# ULP Accuracy Measurement Tool

Standalone tool for measuring the accuracy of Eigen's vectorized math functions
in units of ULP (Unit in the Last Place). Compares Eigen's SIMD implementations
against either MPFR (128-bit high-precision reference) or the standard C++ math
library.

## Building

From the Eigen build directory:

```bash
cd build
cmake ..
cmake --build . --target ulp_accuracy
```

If MPFR and GMP are installed, the build automatically enables MPFR support
(`EIGEN_HAS_MPFR`). Without them, only `--ref=std` is available.

### Installing MPFR (Debian/Ubuntu)

```bash
sudo apt install libmpfr-dev libgmp-dev
```

## Usage

```
./test/ulp_accuracy [options]

Options:
  --func=NAME    Function to test (required unless --list)
  --lo=VAL       Start of range (default: -inf)
  --hi=VAL       End of range (default: +inf)
  --double       Test double precision (default: float)
  --step=EPS     Sampling step: advance by (1+EPS)*nextafter(x)
                 (default: 0 = exhaustive; useful for double, e.g. 1e-6)
  --threads=N    Number of threads (default: all cores)
  --batch=N      Batch size for Eigen eval (default: 4096)
  --ref=MODE     Reference: 'std' (default) or 'mpfr'
  --hist_width=N Histogram half-width in ULPs (default: 10)
  --list         List available functions
```

## Examples

List all supported functions:
```bash
./test/ulp_accuracy --list
```

Exhaustive float test of sin against std (tests all ~4.28 billion finite floats):
```bash
./test/ulp_accuracy --func=sin
```

Float test against MPFR (more accurate reference, but slower):
```bash
./test/ulp_accuracy --func=sin --ref=mpfr
```

Double precision test with geometric sampling (exhaustive is impractical for double):
```bash
./test/ulp_accuracy --func=exp --double --step=1e-6
```

Test a specific range:
```bash
./test/ulp_accuracy --func=sin --lo=0 --hi=6.2832
```

## Output

The tool prints:

- **Test configuration**: function, range, reference mode, thread count
- **Max |ULP error|**: worst-case absolute ULP error with the offending input value
- **Mean |ULP error|**: average absolute ULP error across all tested values
- **Signed ULP histogram**: distribution of signed errors showing bias direction

Example output:
```
Function: sin (float)
Range: [-inf, inf]
Representable values in range: 4278190082
Reference: MPFR (128-bit)
Threads: 32
Batch size: 4096

Results:
  Values tested: 4278190081
  Time: 529.04 seconds (8.1 Mvalues/s)
  Max |ULP error|: 2
    at x = -1.5413464e+38 (Eigen=-0.482218683, ref=-0.482218742)
  Mean |ULP error|: 0.0874

Signed ULP error histogram [-10, +10]:
  -2   :        51988 (  0.001%)
  -1   :    186805349 (  4.366%)
  0    :   3904475407 ( 91.265%)
  1    :    186805349 (  4.366%)
  2    :        51988 (  0.001%)
```

## How it works

1. **Range splitting**: The input range is divided evenly across threads by
   splitting the linear ULP space.

2. **Batched evaluation**: Each thread fills batches of input values, evaluates
   them through Eigen's vectorized path (using `Eigen::Array` operations), and
   computes reference values one at a time.

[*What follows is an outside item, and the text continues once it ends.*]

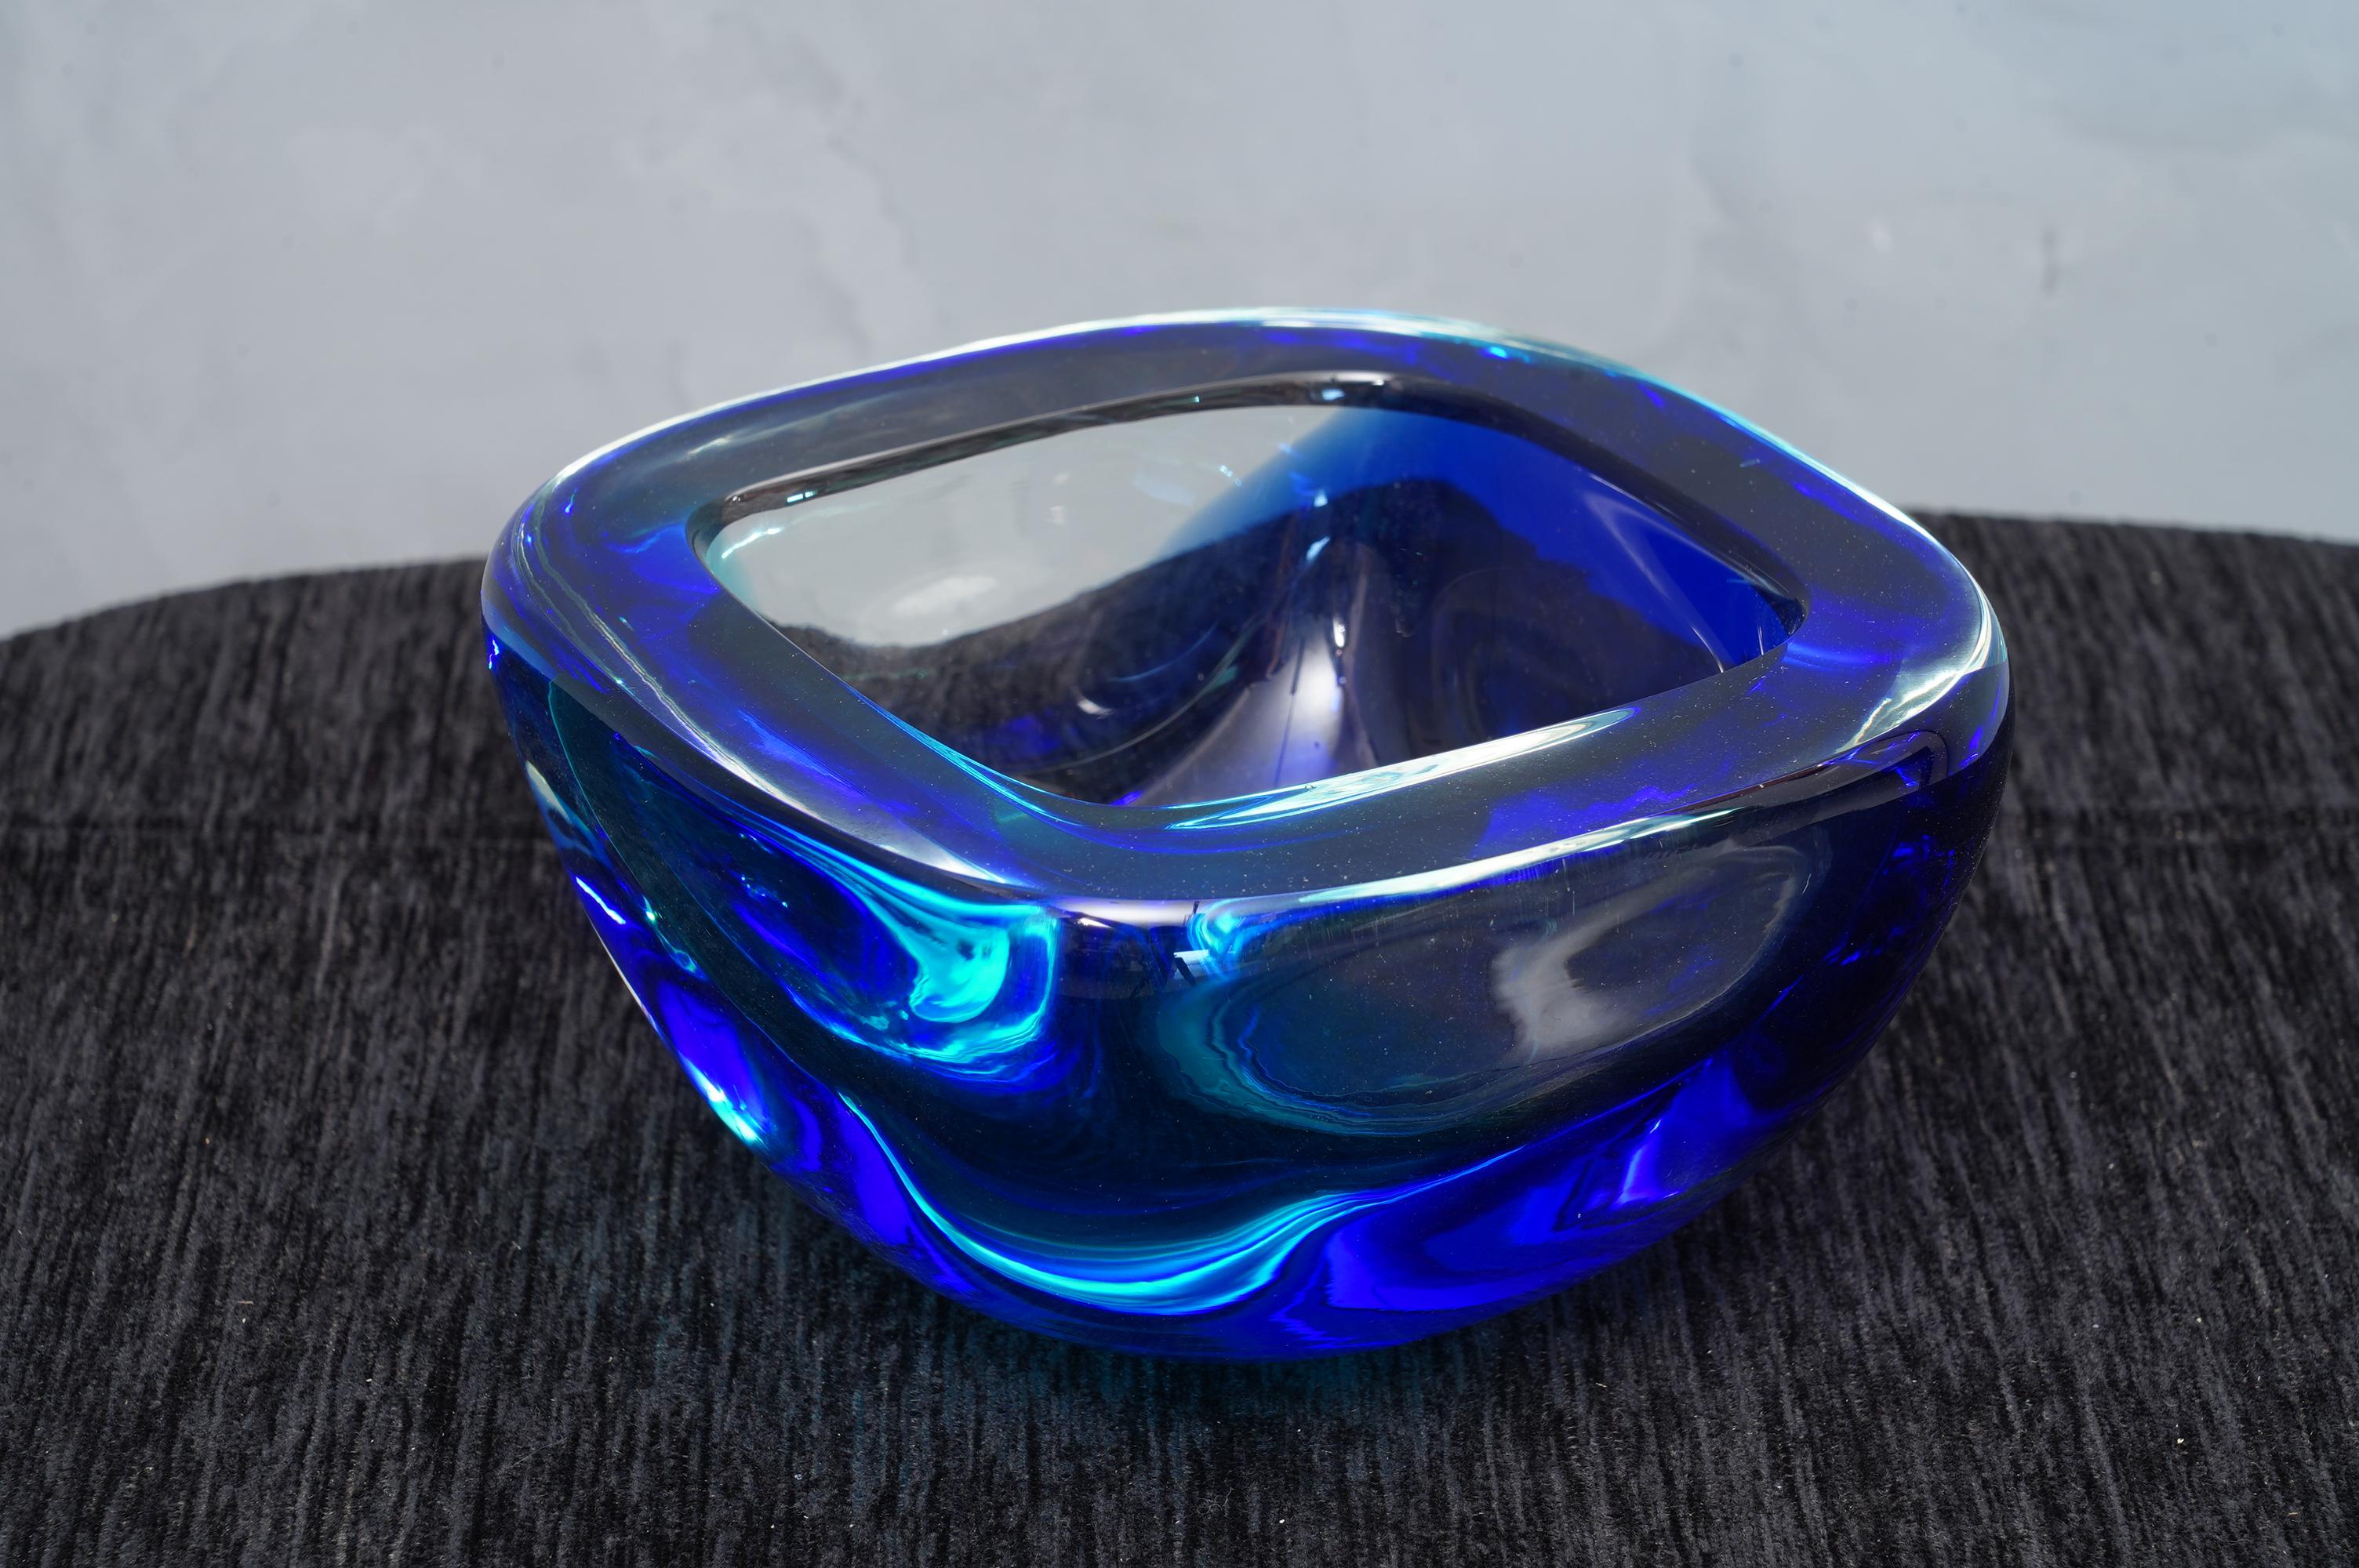 Ashtray formed by a particular submerged glass, signed Venini, with a wonderful double blue and azure color.

The ashtray is in Murano glass, square in shape, and with a particular transparent blue and azure color. The signature is placed on the

3. **ULP computation**: IEEE 754 bit patterns are mapped to a linear integer
   scale where adjacent representable values are adjacent integers. The signed
   ULP error is the difference between Eigen's result and the reference on this
   scale. Special cases (NaN, infinity mismatches) report infinite error.

4. **Result reduction**: Per-thread statistics (max error, mean error, histogram)
   are merged after all threads complete.

## Supported functions

| Category | Functions |
|----------|-----------|
| Trigonometric | sin, cos, tan, asin, acos, atan |
| Hyperbolic | sinh, cosh, tanh, asinh, acosh, atanh |
| Exponential/Log | exp, exp2, expm1, log, log1p, log10, log2 |
| Error/Gamma | erf, erfc, lgamma |
| Other | logistic, sqrt, cbrt, rsqrt |

## File organization

- `ulp_accuracy.cpp` — Main tool: ULP computation, worker threads, CLI, result printing
- `mpfr_reference.h` — MPFR reference function wrappers and scalar conversion helpers

## Performance tips

- Float exhaustive sweeps test ~4.28 billion values. With `--ref=std` this takes
  ~50 seconds per function; with `--ref=mpfr` it takes ~500 seconds (10x slower).
- For double precision, exhaustive testing is impractical. Use `--step=1e-6` to
  sample ~2.88 billion values geometrically.
- Thread count defaults to all available cores. MPFR is the bottleneck (single
  MPFR call per value per thread), so more cores help significantly.